Noushad, 32, had been working at a petrol pump in Dammam on the Saudi east coast since 1995. He had a fight with a Saudi customer over payment in April 2003 that put him in jail.
The Saudi man later lost his eyesight, but Noushad says it was not because of the injuries he inflicted, and he only ever acted in self-defence during the altercation.
Noushad filed a review petition in the Saudi Court of Appeals in 2004, which can ask a victim for a pardon, but the victim has refused to settle for monetary compensation.
The only option for the Noushad family now is to appeal to the Saudi king for royal clemency, which is granted during the Muslim holy month of Ramadan.
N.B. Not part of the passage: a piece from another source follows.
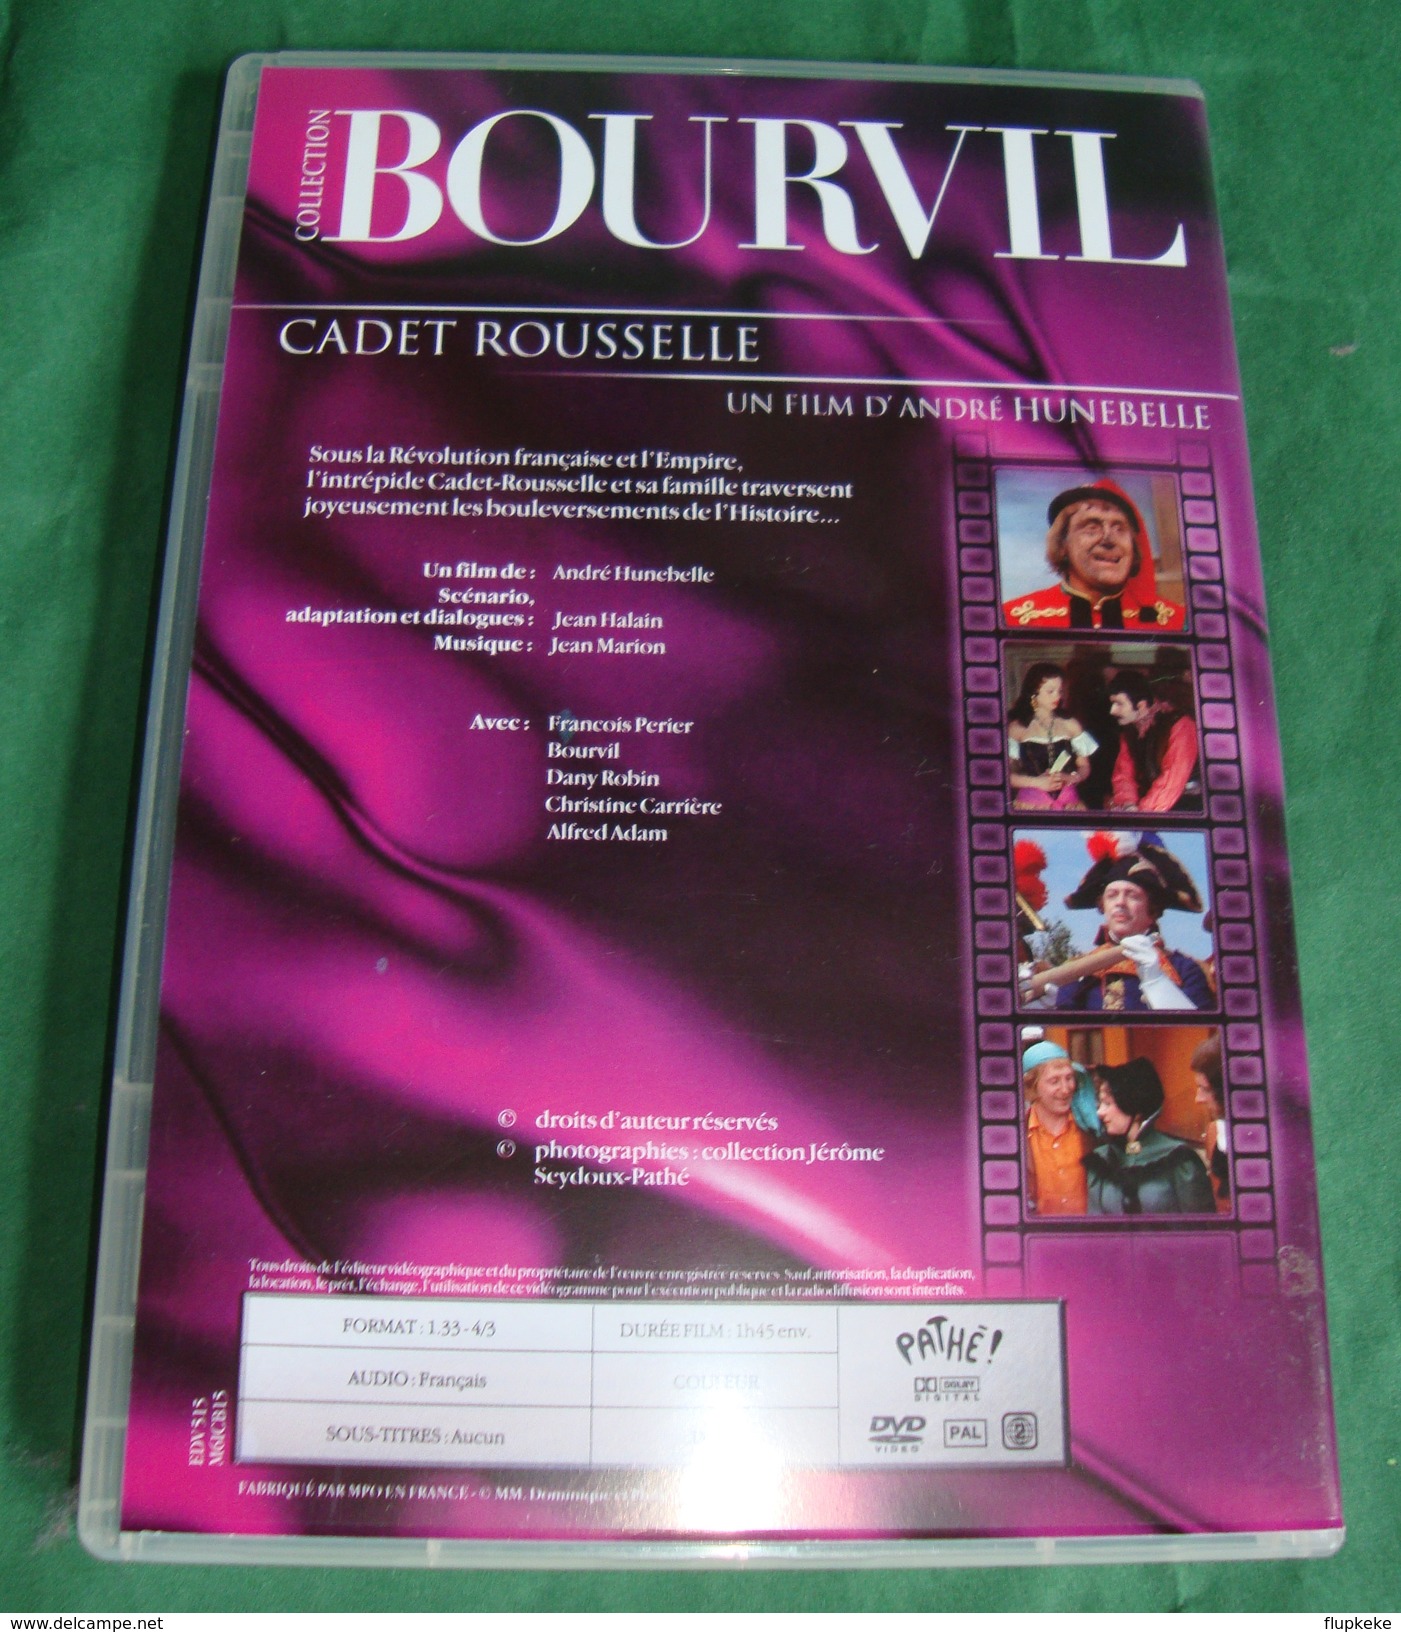 Dvd Zone 2 Cadet Rousselle 1954 Collection Bourvil Vf - Comédie

Saudi Arabia acceded to the Convention against Torture in 1997. However, Noushads case is the third known instance over the past year in which a Saudi court has issued a sentence of eye-gouging, Human Rights Watch said. Saudi law allows for maiming, including the severing of limbs and severe flogging, as judicial punishments, according to HRW.
More than one million people from the southern state of Kerala work in the Gulf countries.